> PROVIDED INFORMATION:
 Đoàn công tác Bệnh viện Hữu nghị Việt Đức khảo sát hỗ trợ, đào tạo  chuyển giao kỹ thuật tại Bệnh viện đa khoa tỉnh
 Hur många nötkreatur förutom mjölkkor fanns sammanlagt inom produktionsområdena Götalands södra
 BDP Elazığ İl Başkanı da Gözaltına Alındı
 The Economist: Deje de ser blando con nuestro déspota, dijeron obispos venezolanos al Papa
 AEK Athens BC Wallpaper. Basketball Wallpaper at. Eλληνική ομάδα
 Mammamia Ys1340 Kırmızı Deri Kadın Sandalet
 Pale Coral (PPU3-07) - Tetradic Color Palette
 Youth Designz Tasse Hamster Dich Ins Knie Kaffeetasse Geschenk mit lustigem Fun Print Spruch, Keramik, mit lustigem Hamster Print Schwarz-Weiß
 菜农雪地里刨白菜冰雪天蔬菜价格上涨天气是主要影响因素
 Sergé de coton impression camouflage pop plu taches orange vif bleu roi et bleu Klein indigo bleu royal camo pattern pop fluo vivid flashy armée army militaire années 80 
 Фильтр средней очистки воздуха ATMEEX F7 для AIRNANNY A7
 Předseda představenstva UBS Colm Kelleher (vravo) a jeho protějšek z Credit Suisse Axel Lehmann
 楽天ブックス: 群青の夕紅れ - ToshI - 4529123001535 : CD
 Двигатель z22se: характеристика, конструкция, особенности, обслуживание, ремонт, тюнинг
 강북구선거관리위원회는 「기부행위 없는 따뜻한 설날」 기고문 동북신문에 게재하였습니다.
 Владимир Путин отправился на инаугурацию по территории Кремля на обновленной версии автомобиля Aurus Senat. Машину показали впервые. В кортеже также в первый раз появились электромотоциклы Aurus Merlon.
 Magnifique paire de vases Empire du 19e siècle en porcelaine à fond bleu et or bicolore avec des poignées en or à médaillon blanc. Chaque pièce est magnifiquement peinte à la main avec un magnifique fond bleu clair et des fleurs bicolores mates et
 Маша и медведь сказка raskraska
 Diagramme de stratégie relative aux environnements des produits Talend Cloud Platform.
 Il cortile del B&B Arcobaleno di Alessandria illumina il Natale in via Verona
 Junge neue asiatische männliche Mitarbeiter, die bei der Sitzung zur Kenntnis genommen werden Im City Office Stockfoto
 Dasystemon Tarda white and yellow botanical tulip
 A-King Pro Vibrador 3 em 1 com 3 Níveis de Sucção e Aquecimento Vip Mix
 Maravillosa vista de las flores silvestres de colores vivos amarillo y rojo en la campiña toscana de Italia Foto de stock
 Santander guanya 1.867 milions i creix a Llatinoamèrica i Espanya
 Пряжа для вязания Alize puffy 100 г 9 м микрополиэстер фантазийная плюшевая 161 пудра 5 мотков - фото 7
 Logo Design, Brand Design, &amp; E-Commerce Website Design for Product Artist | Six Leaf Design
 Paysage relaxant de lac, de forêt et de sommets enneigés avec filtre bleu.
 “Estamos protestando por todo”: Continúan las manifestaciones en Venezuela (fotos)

> EXERCISE GOAL: Would you output the lines from the one that contains "Пряжа для вязания" to the end of the data, both ends included, exactly as they appear?

> OUTPUT FOR THIS EXERCISE:
 Пряжа для вязания Alize puffy 100 г 9 м микрополиэстер фантазийная плюшевая 161 пудра 5 мотков - фото 7
 Logo Design, Brand Design, &amp; E-Commerce Website Design for Product Artist | Six Leaf Design
 Paysage relaxant de lac, de forêt et de sommets enneigés avec filtre bleu.
 “Estamos protestando por todo”: Continúan las manifestaciones en Venezuela (fotos)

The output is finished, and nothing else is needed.